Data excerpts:
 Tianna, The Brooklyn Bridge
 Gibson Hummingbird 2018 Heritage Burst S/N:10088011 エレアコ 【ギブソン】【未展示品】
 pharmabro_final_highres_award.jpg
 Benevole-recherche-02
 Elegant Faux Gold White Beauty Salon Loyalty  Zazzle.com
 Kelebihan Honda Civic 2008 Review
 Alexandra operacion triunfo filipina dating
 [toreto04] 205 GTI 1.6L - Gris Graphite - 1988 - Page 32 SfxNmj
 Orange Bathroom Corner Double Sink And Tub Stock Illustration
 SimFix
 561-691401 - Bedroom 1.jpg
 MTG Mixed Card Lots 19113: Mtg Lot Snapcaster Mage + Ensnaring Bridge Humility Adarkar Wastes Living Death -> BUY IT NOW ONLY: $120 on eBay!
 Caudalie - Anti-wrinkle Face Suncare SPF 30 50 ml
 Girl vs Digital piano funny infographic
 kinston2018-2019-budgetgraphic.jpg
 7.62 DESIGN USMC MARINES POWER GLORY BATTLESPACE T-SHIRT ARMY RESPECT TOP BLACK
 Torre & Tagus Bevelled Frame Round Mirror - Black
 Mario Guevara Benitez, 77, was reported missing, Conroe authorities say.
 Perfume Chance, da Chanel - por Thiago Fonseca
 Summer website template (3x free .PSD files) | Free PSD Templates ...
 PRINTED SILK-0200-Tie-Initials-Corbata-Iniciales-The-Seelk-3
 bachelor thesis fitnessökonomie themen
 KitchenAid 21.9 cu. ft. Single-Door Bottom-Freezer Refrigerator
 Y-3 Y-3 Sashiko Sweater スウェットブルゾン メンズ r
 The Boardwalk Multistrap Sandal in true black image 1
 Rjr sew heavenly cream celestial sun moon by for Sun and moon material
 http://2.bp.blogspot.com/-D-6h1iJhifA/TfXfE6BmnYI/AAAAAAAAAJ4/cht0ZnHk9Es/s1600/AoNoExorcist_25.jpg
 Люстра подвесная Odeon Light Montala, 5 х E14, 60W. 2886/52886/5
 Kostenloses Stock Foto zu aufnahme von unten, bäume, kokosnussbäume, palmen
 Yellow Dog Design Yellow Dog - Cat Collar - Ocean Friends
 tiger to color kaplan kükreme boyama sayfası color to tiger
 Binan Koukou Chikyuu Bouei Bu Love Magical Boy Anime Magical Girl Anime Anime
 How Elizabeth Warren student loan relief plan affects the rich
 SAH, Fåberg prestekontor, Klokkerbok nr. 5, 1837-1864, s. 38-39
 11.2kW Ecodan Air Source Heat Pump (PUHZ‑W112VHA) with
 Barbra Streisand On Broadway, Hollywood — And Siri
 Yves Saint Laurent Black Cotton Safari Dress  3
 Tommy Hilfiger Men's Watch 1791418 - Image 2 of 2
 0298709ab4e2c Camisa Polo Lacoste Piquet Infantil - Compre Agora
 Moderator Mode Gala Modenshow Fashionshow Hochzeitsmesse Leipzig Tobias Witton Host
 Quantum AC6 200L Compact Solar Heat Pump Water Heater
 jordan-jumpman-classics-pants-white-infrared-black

■ Task description ■
Copy out the entries above exactly as given, starting at the top and ending with the line containing "11.2kW Ecodan Air"; include both and nothing more.

■ Answer for the task ■
 Tianna, The Brooklyn Bridge
 Gibson Hummingbird 2018 Heritage Burst S/N:10088011 エレアコ 【ギブソン】【未展示品】
 pharmabro_final_highres_award.jpg
 Benevole-recherche-02
 Elegant Faux Gold White Beauty Salon Loyalty  Zazzle.com
 Kelebihan Honda Civic 2008 Review
 Alexandra operacion triunfo filipina dating
 [toreto04] 205 GTI 1.6L - Gris Graphite - 1988 - Page 32 SfxNmj
 Orange Bathroom Corner Double Sink And Tub Stock Illustration
 SimFix
 561-691401 - Bedroom 1.jpg
 MTG Mixed Card Lots 19113: Mtg Lot Snapcaster Mage + Ensnaring Bridge Humility Adarkar Wastes Living Death -> BUY IT NOW ONLY: $120 on eBay!
 Caudalie - Anti-wrinkle Face Suncare SPF 30 50 ml
 Girl vs Digital piano funny infographic
 kinston2018-2019-budgetgraphic.jpg
 7.62 DESIGN USMC MARINES POWER GLORY BATTLESPACE T-SHIRT ARMY RESPECT TOP BLACK
 Torre & Tagus Bevelled Frame Round Mirror - Black
 Mario Guevara Benitez, 77, was reported missing, Conroe authorities say.
 Perfume Chance, da Chanel - por Thiago Fonseca
 Summer website template (3x free .PSD files) | Free PSD Templates ...
 PRINTED SILK-0200-Tie-Initials-Corbata-Iniciales-The-Seelk-3
 bachelor thesis fitnessökonomie themen
 KitchenAid 21.9 cu. ft. Single-Door Bottom-Freezer Refrigerator
 Y-3 Y-3 Sashiko Sweater スウェットブルゾン メンズ r
 The Boardwalk Multistrap Sandal in true black image 1
 Rjr sew heavenly cream celestial sun moon by for Sun and moon material
 http://2.bp.blogspot.com/-D-6h1iJhifA/TfXfE6BmnYI/AAAAAAAAAJ4/cht0ZnHk9Es/s1600/AoNoExorcist_25.jpg
 Люстра подвесная Odeon Light Montala, 5 х E14, 60W. 2886/52886/5
 Kostenloses Stock Foto zu aufnahme von unten, bäume, kokosnussbäume, palmen
 Yellow Dog Design Yellow Dog - Cat Collar - Ocean Friends
 tiger to color kaplan kükreme boyama sayfası color to tiger
 Binan Koukou Chikyuu Bouei Bu Love Magical Boy Anime Magical Girl Anime Anime
 How Elizabeth Warren student loan relief plan affects the rich
 SAH, Fåberg prestekontor, Klokkerbok nr. 5, 1837-1864, s. 38-39
 11.2kW Ecodan Air Source Heat Pump (PUHZ‑W112VHA) with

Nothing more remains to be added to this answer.